PMax has a relentless performance focus, but there is also a lot of low-quality “spam” inventory mixed in. Placement reports often show YouTube, Display, and search partner placements that advertisers aren’t thrilled about. My biggest criticism of PMax remains the traffic quality; it works on average, but it could work better if we could trim the fat.

Demand Gen — Discovery and Consideration
Demand Gen is a mid-funnel campaign type and the successor to Discover campaigns. Discover ads could never really scale, and Google was eager to sell more YouTube ads and monetize YouTube Shorts. Modern Demand Gen campaigns are roughly two-thirds YouTube, one-quarter Discover, and a small amount of other cross-network placements.

Its role is discovery, consideration, and feeding the funnel. I like that it’s highly customizable; you can do channel targeting for things like YouTube Shorts-only or Gmail-only campaigns. However, I feel its reach quality is decreasing over time as the Display Network is being included more often.

AI Max for Search — Expansion
AI Max is the newest and least mature technology. While PMax’s goal is finding conversions and Demand Gen’s is nurturing, AI Max is expansionary. Its job is to take your search campaigns and find traffic or incremental conversions you might be missing.
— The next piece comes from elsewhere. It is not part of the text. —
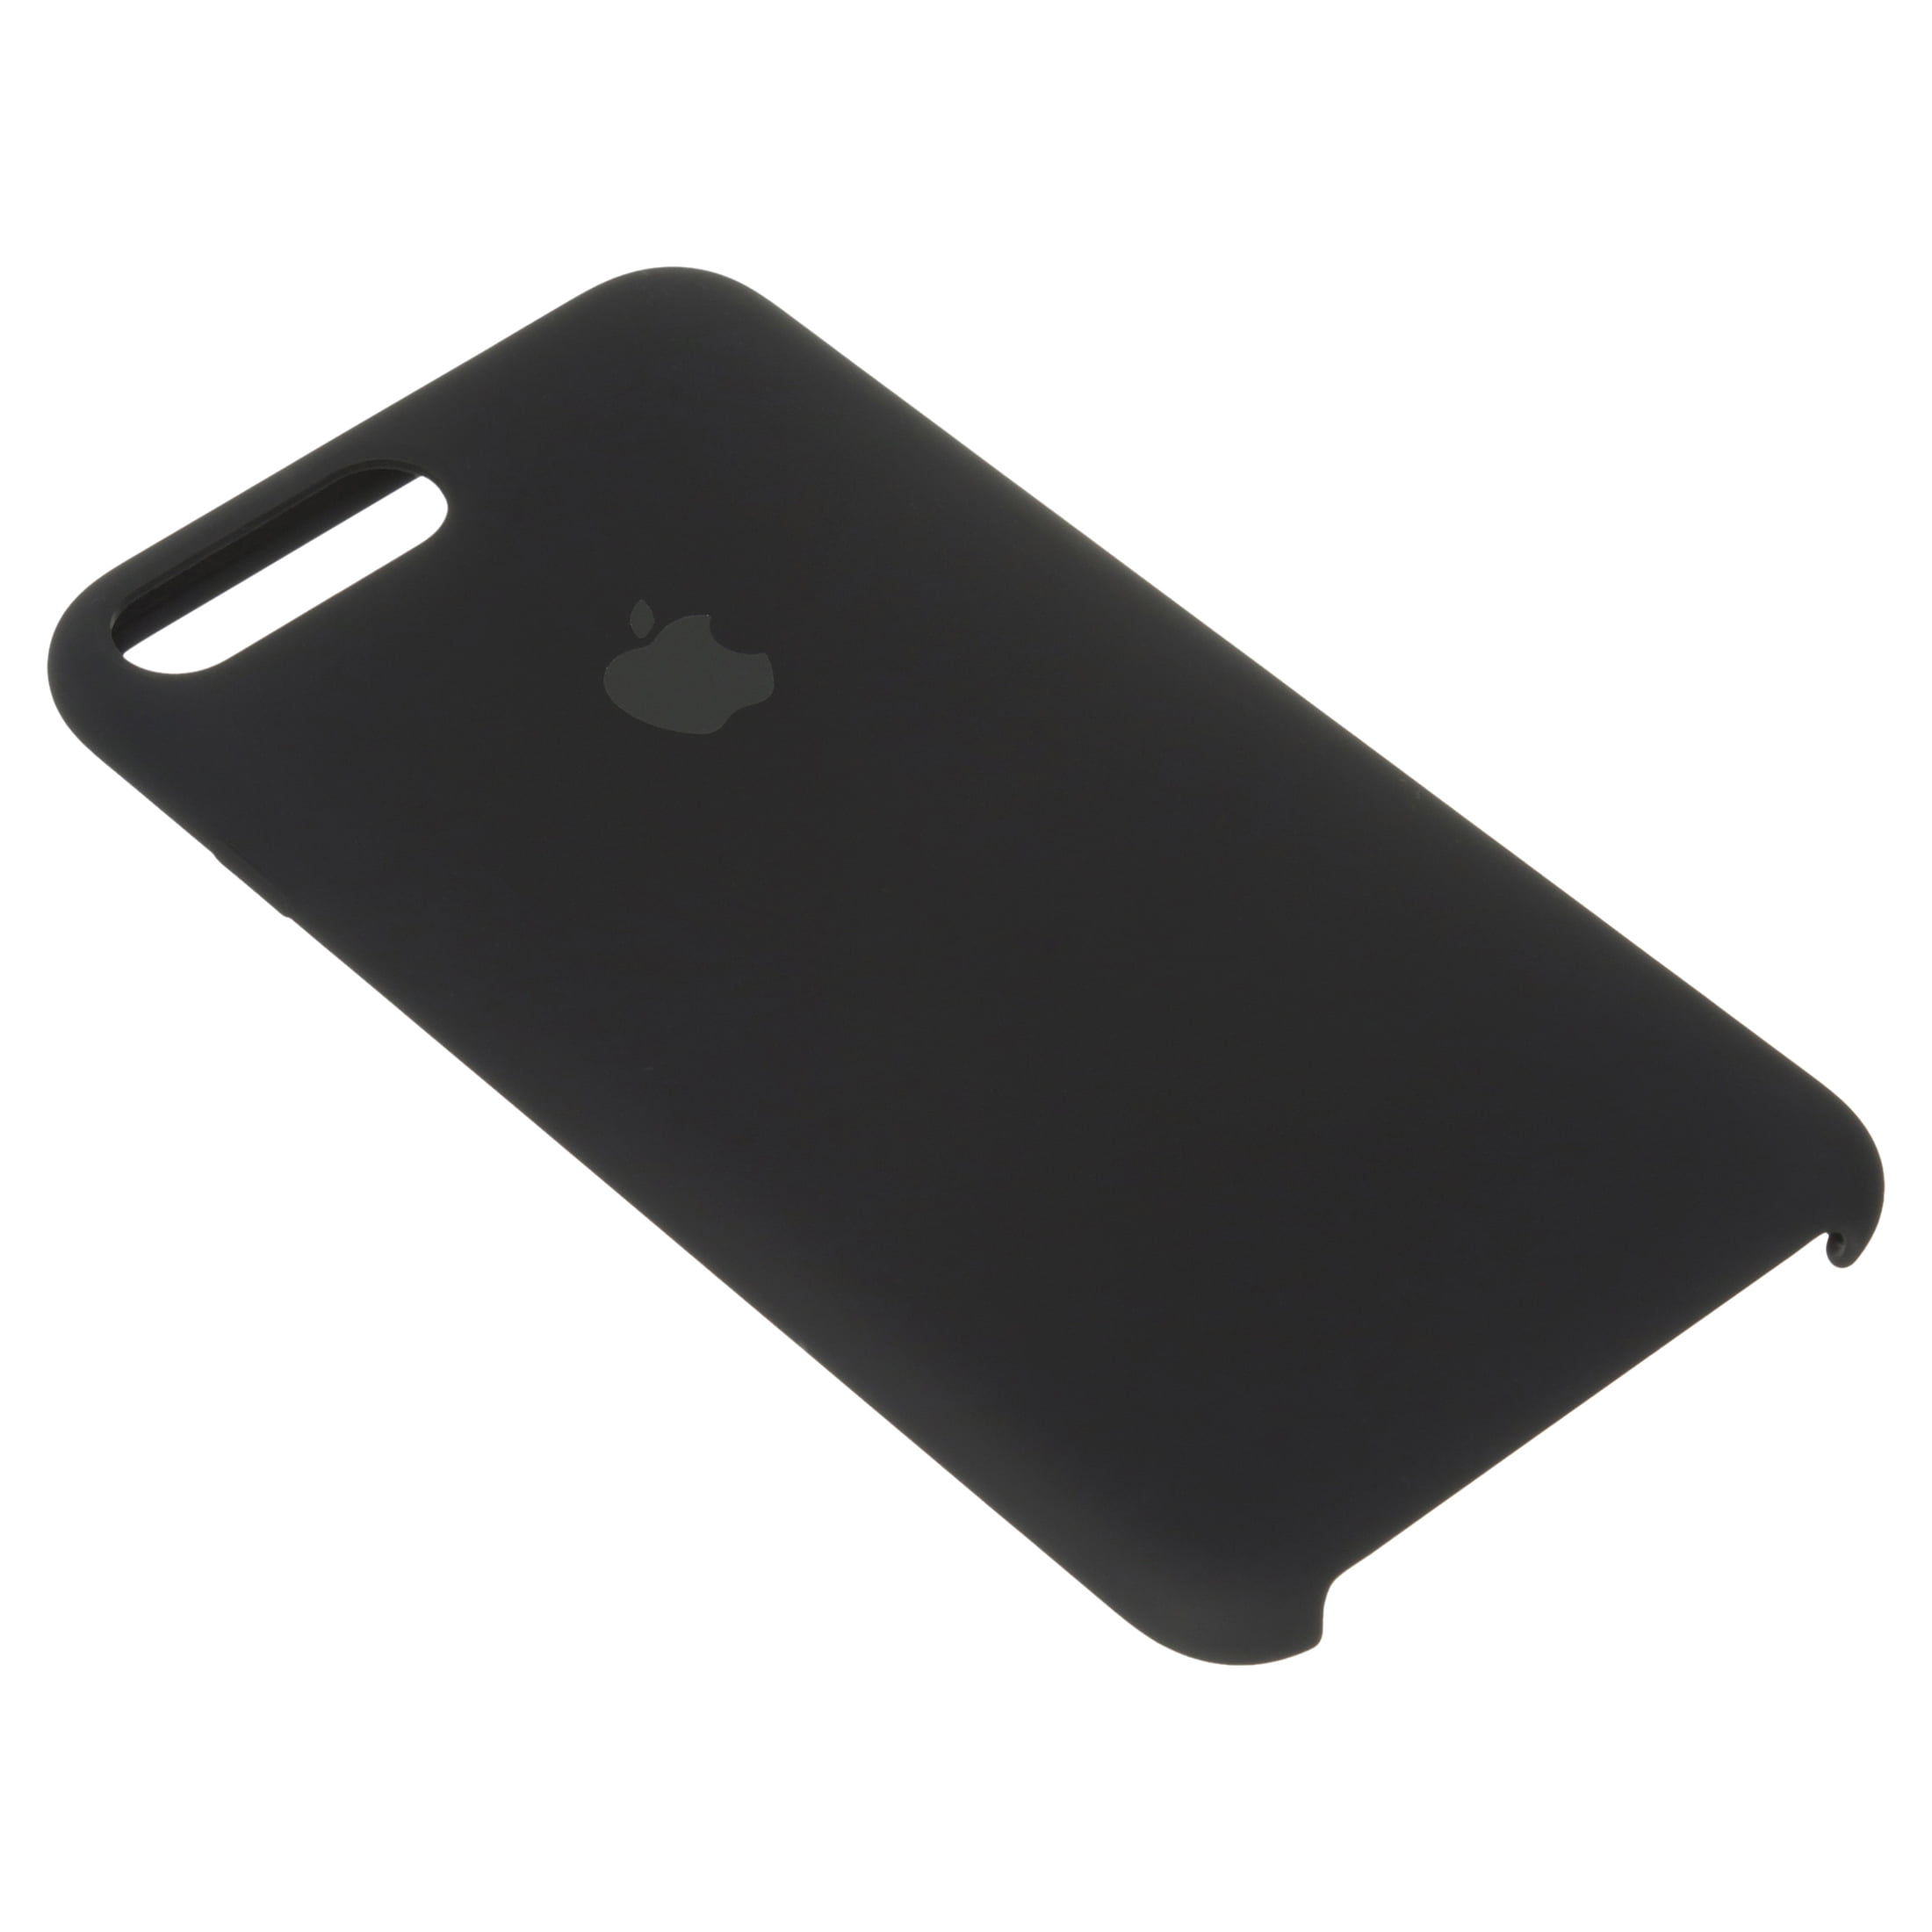 Apple Silicone Case for iPhone 8 Plus & iPhone 7 Plus - Black
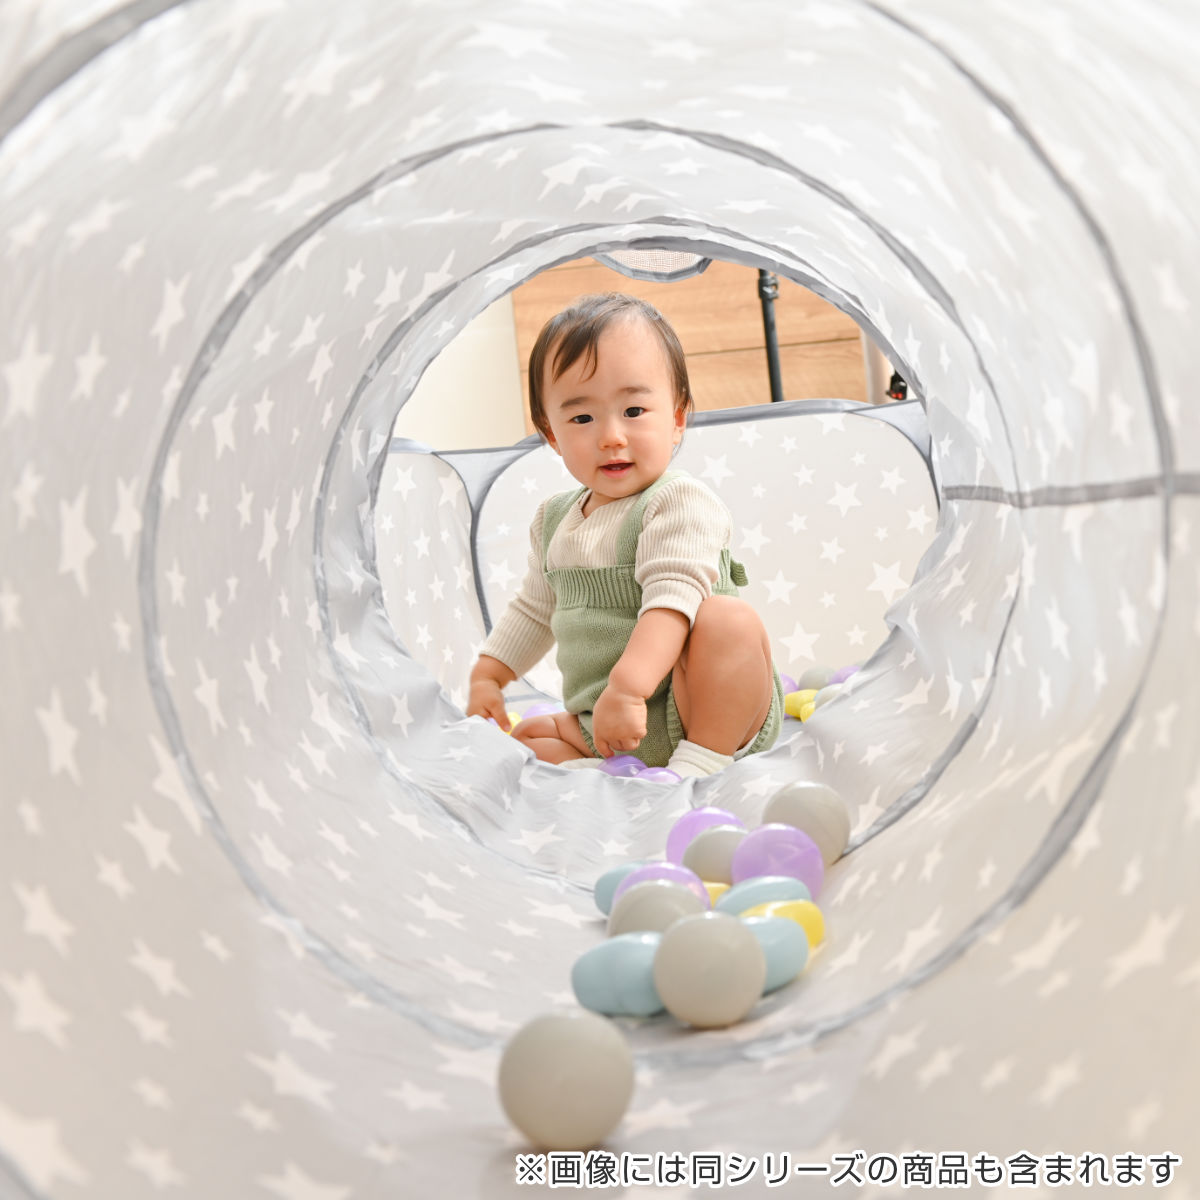 市場 キッズテント ボール遊び 女の子 キッズ 室内遊び 3歳 おもちゃ トンネル 子ども ポップアップ式トンネル 幼児 ポップアップ式 プレイトンネル

It offers high transparency and customization, but it can be aggressively expansionary. AI is not strategic; it doesn’t know what it doesn’t know. In a mature search build, AI Max might look in strange places because you are already covering the likely ones. I’ve heard examples of AI Max bidding on competitor terms where you might have had a strategic reason not to be there. It also tends to scale heavily into the search partner network or brand traffic. You need to put guardrails in place.

Tying it All Together — The Funnel View
Imagine a classic marketing funnel:

  • Top of the funnel: Google’s display and video inventory. YouTube is increasingly important as Google believes the open web is dying.
  • Mid-funnel: Demand Gen.
  • Bottom of the funnel: PMax.
  • Expansion layer: The radiating circle at the bottom is AI Max for Search, reaching beyond existing boundaries.

This presents a coherent view, but the reality is much more conflicted. There are huge amounts of redundancy and overlap in ad inventory and technological features. I am skeptical that there isn’t cannibalization or self-competition occurring.

Feature Duplication
An example of triplication is “Dynamic Search” technology. Dynamic Search Ads (DSA) have been around for years, automatically generating headlines and selecting landing pages. Inside PMax, this is called “Final URL Expansion.” Inside AI Max, it is called “Text URL Optimization”. We have the same technology three times under different names. Dynamic Search Ads will likely go away because they aren’t part of the “protected” PowerPack. Running all three creates a risk of them competing with each other rather than finding incremental gains.

Inventory Overlap: PMax vs. Demand Gen
Both PMax and Demand Gen serve YouTube, Display, Discover, Gmail, and Maps. They are supposed to be separated by their funnel position (bottom vs. mid), but you can make Demand Gen conversion-oriented and add a product feed to it. If you put a tROAS on Demand Gen, you are dragging it into the lower funnel where it overlaps significantly with PMax.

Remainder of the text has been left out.